Preguntó subconscientemente: —¿Por qué?
Sus ojos se oscurecieron, abrió la boca como si quisiera explicar algo, pero sacudió la cabeza y dijo después de un momento: —No hay razón.
Solo…
solo quería mirar a la Maestra.
¿Qué clase de razón era esa?
La boca de Shen Ying se movió, sus ojos dieron vueltas mientras algo le venía en mente.
Lo miró y dijo solemnemente: —Chef, ver de pie allí da miedo, no puedo dormir, ¿por qué no cambias de sitio?
Yi Qing vaciló y una pizca de culpa apareció en sus ojos: —Entonces, ¿dónde debo estar de pie?
—Baja primero, te lo diré —la cena había sido servida a su puerta, no había razón para no comerla.
Dudó un momento antes de asentir obedientemente.

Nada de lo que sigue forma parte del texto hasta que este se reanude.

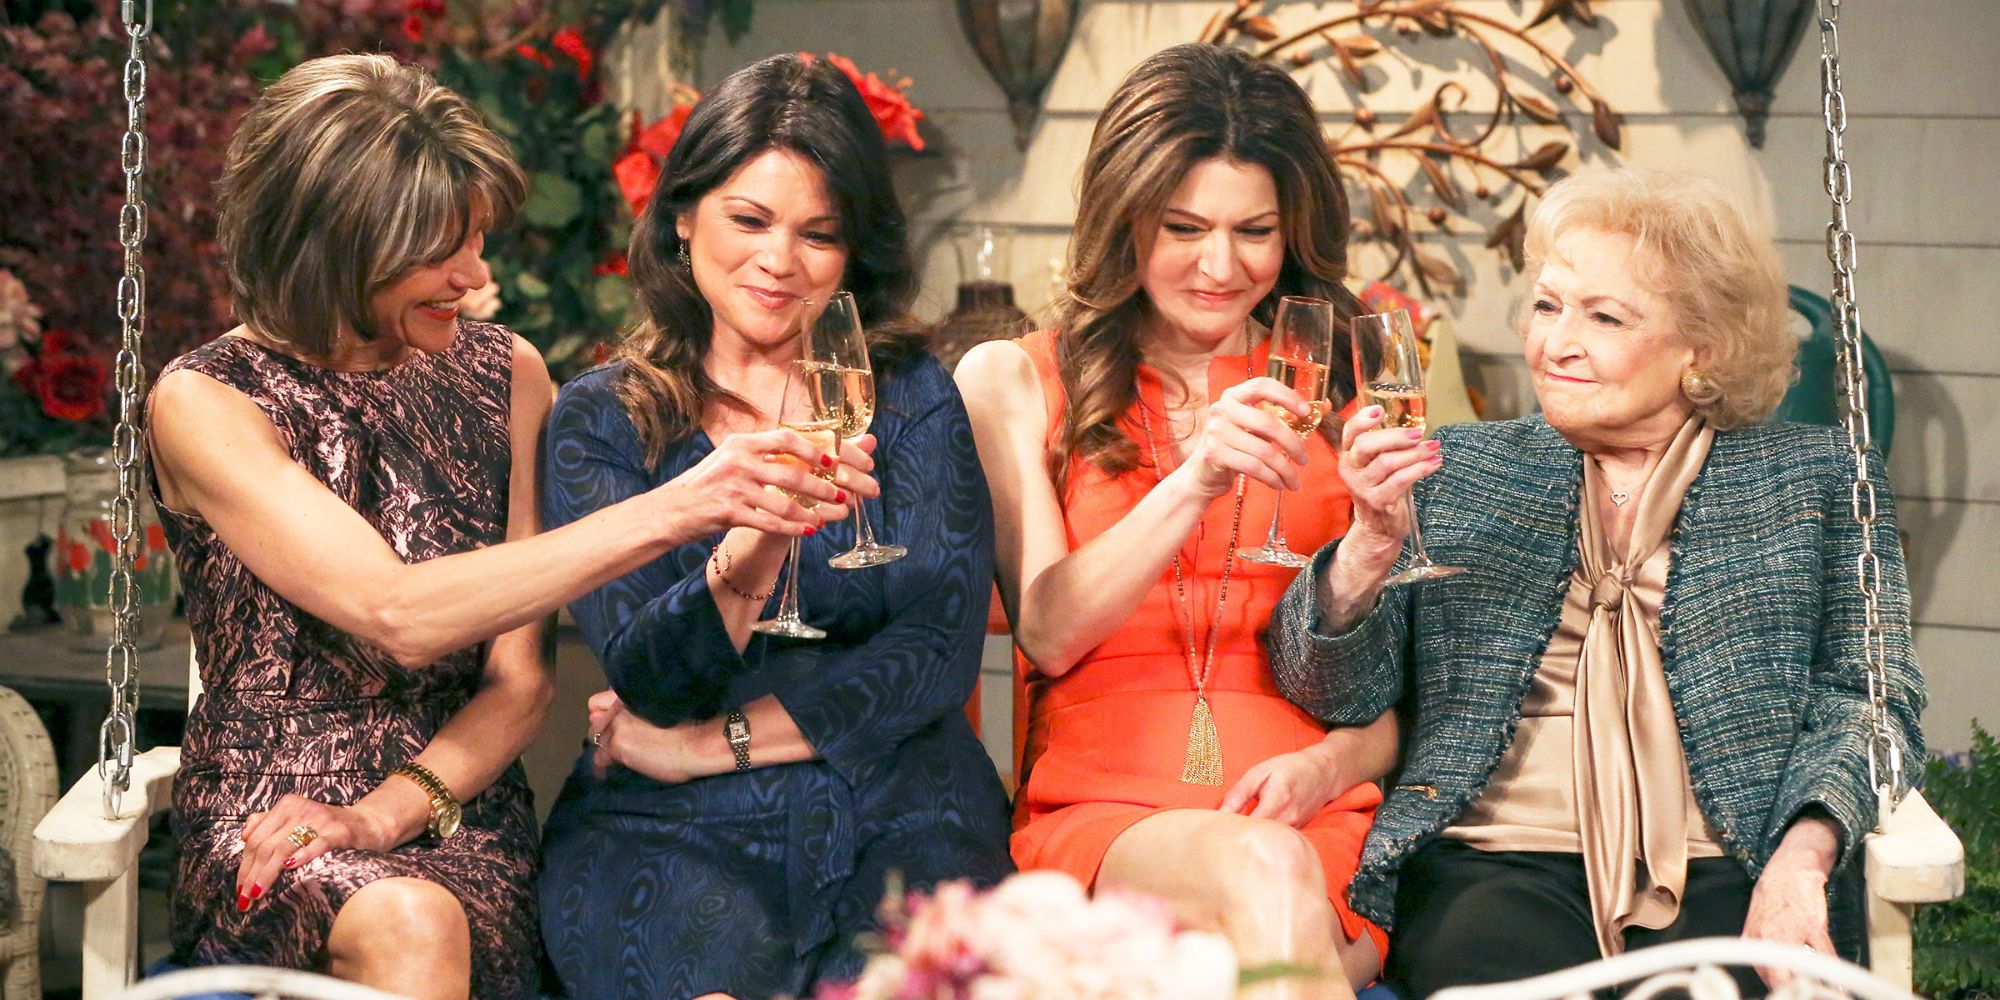 The cast of Hot In Cleveland toasting on a porch swing

—Está bien —dijo y entonces saltó desde la viga.
—Ven aquí primero —pidió Shen Ying y le hizo un gesto—.
¡Aquí, aquí, sí, un poco más cerca!
Caminó hasta la cabecera de su cama con un rastro de duda abriéndose paso a través de sus ojos.
—Maestra, ¿no es…?
Antes de que pudiera terminar, Shen Ying estiró la mano y tiró de él.
Yi Qing solo sintió que bajaba, con una voltereta, y cayó en la cama.
Al momento siguiente, sintió un calor cerca de sus labios y una suavidad sobre ellos, junto con un aura que él anhelaba profundamente.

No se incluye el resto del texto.